*** Source material ***

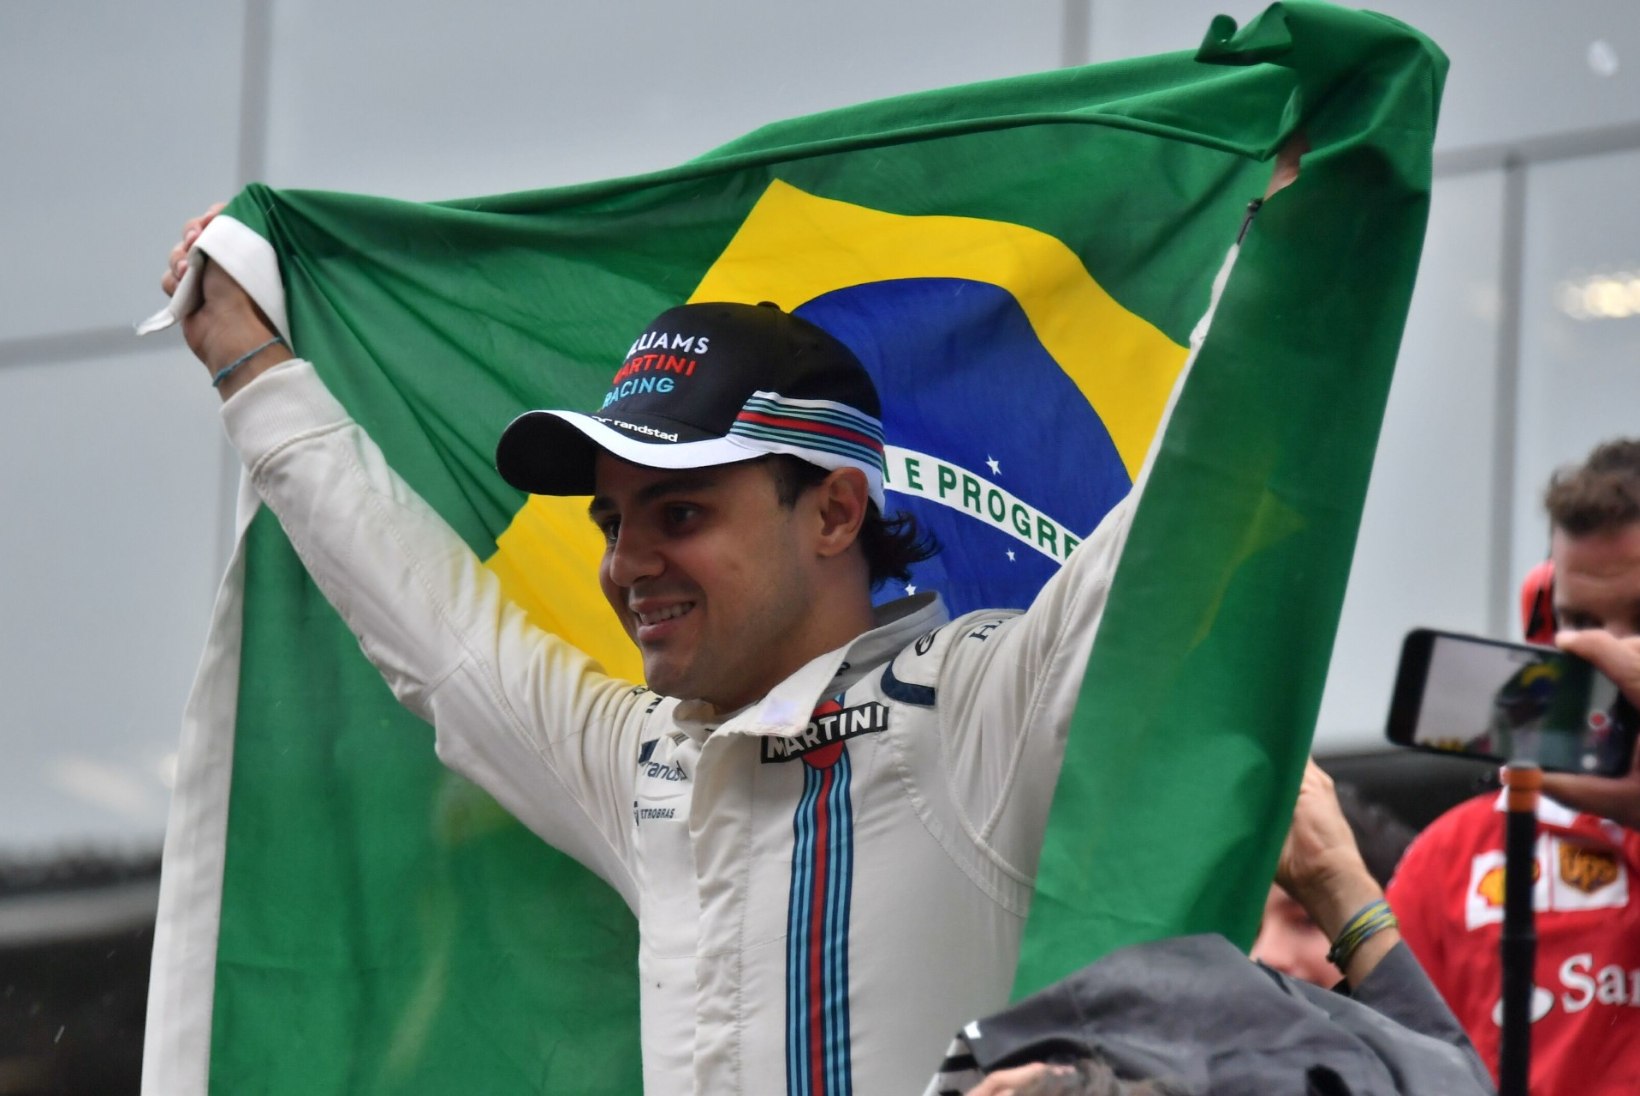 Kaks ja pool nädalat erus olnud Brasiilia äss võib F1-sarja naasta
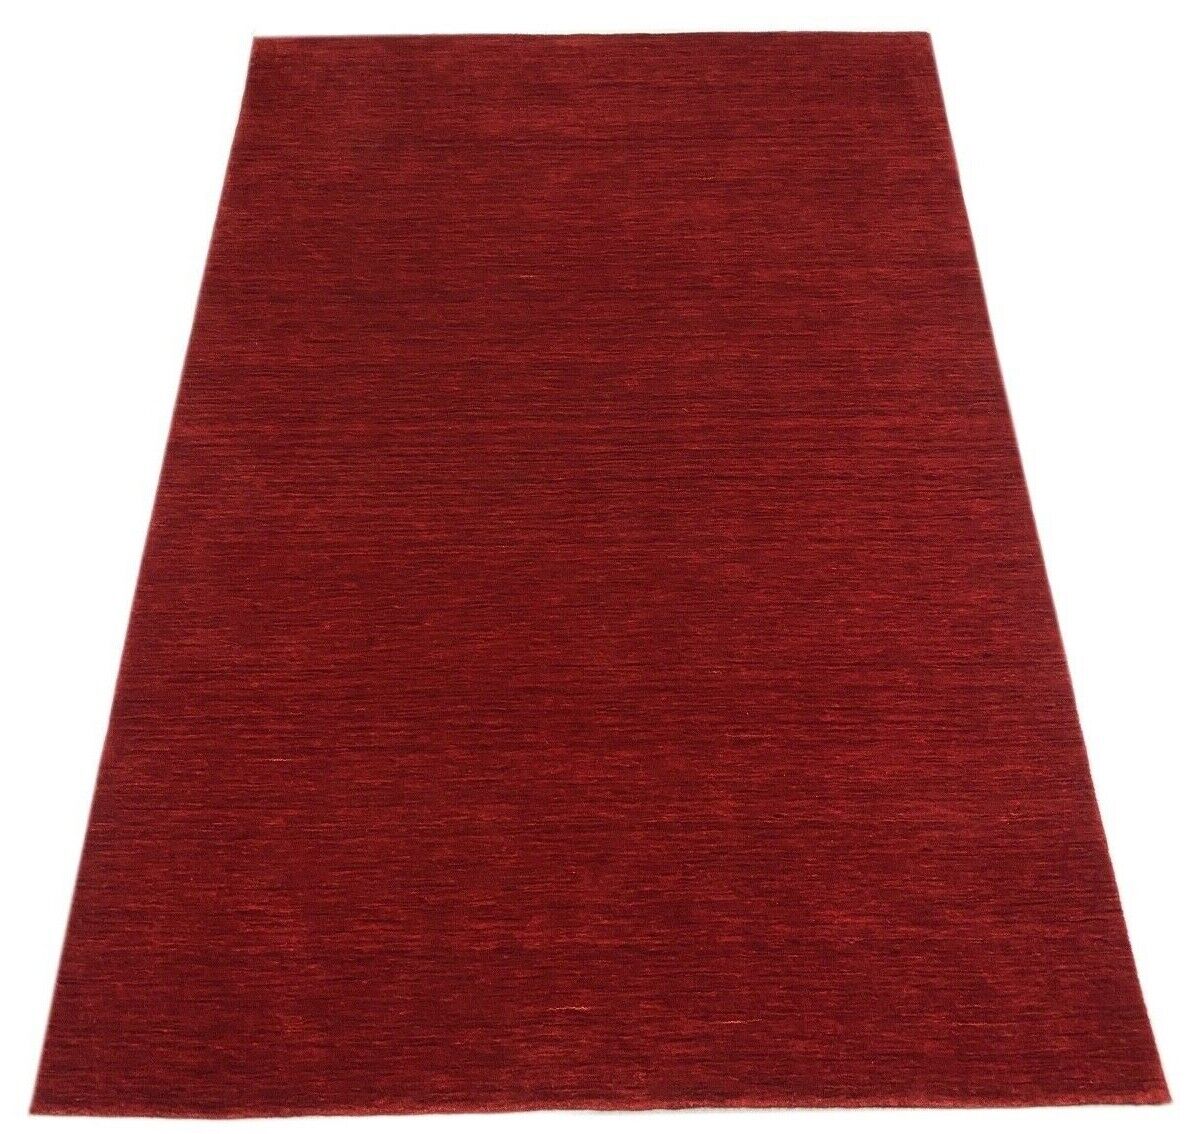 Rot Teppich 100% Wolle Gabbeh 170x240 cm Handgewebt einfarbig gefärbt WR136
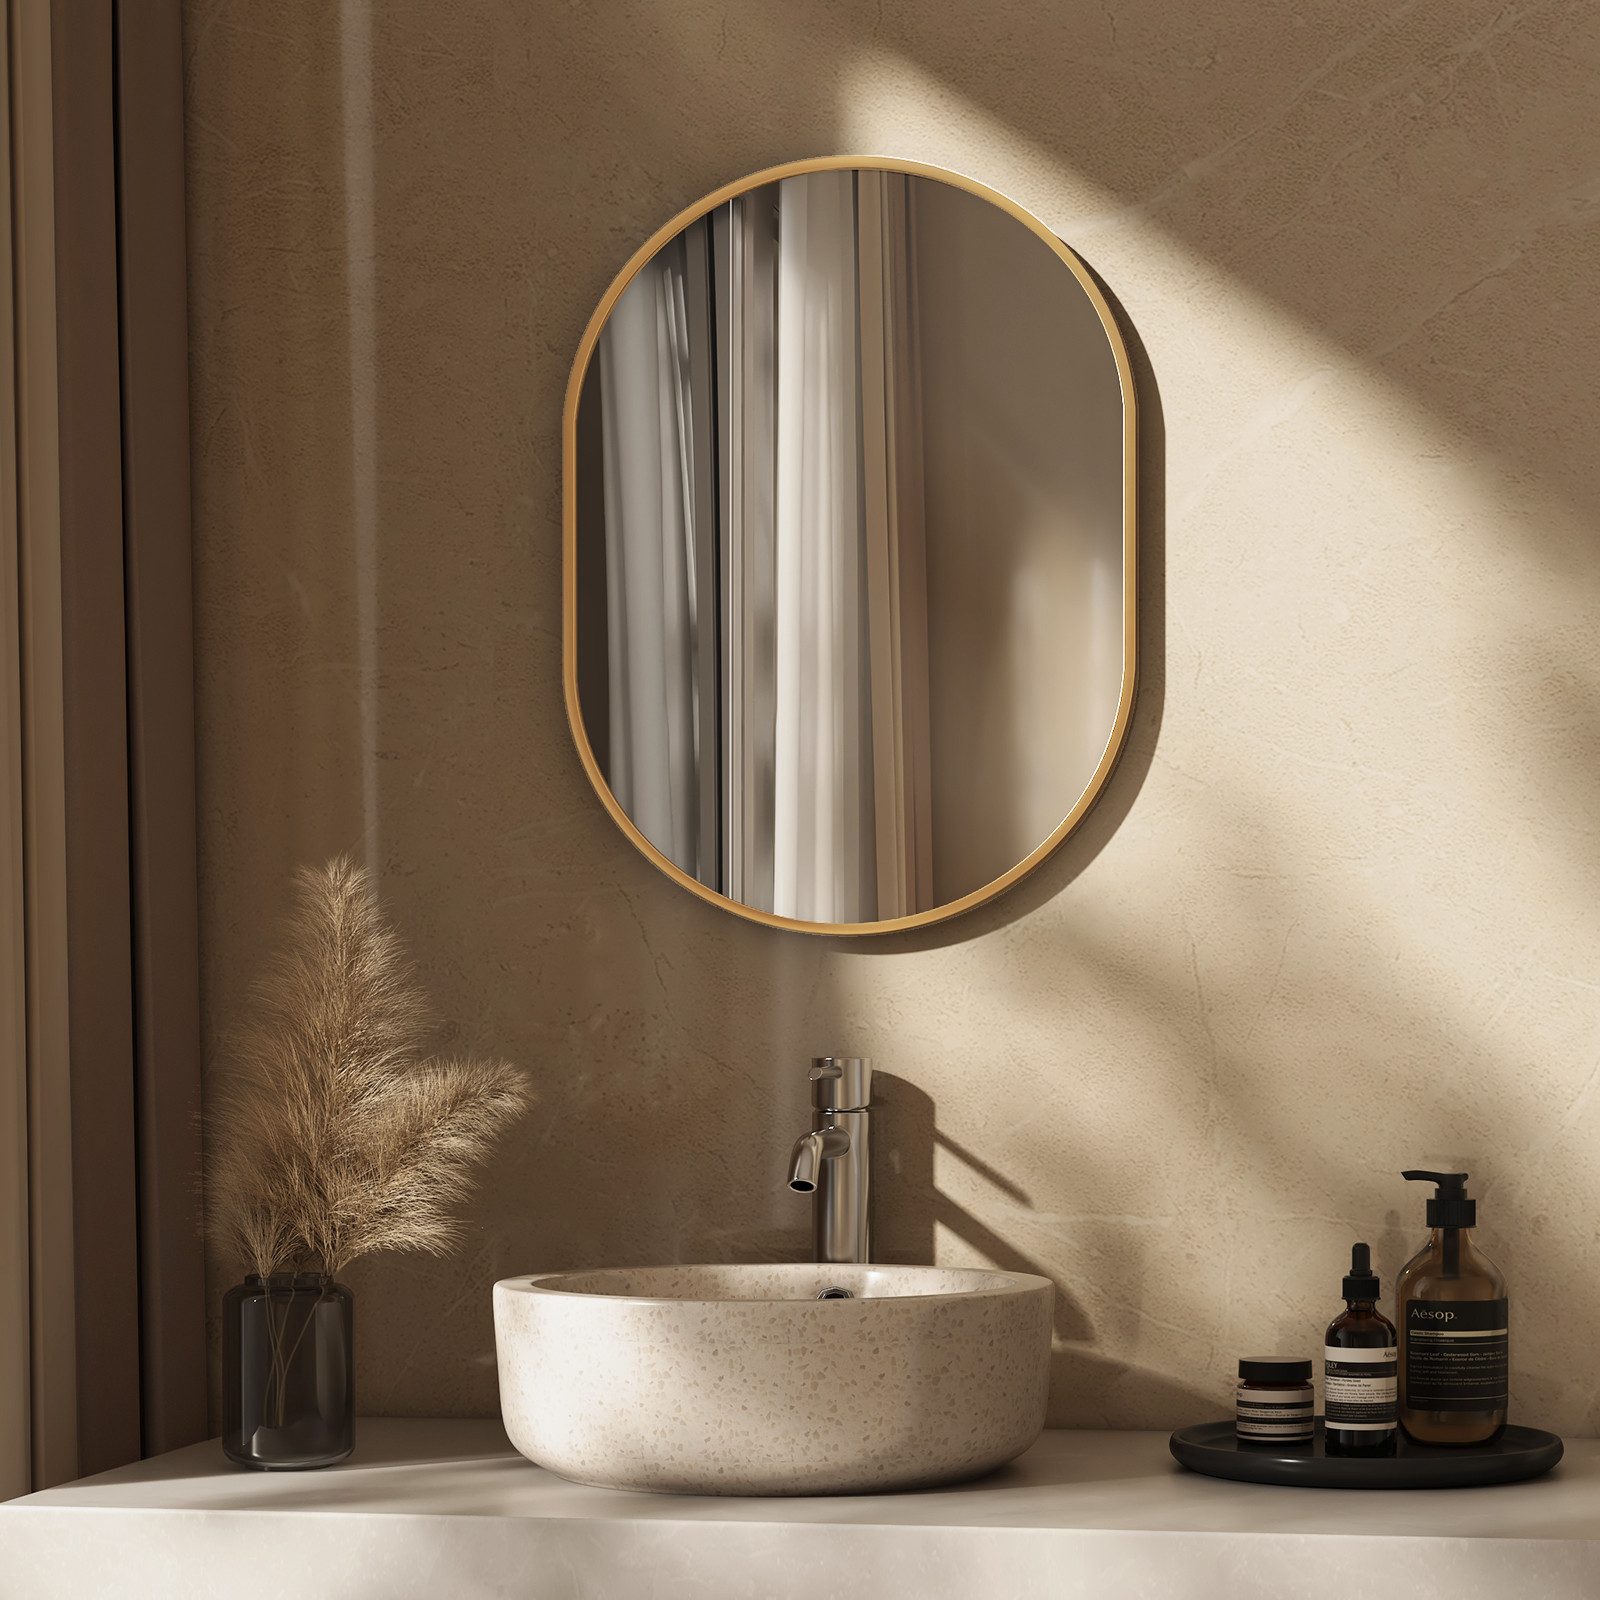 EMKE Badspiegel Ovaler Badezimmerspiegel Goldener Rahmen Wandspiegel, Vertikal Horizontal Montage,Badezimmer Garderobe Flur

*** End of Source material ***

Repeat the listing word for word, omitting the pictures.

» **Result for this task**:
 Kaks ja pool nädalat erus olnud Brasiilia äss võib F1-sarja naasta
 Rot Teppich 100% Wolle Gabbeh 170x240 cm Handgewebt einfarbig gefärbt WR136
 EMKE Badspiegel Ovaler Badezimmerspiegel Goldener Rahmen Wandspiegel, Vertikal Horizontal Montage,Badezimmer Garderobe Flur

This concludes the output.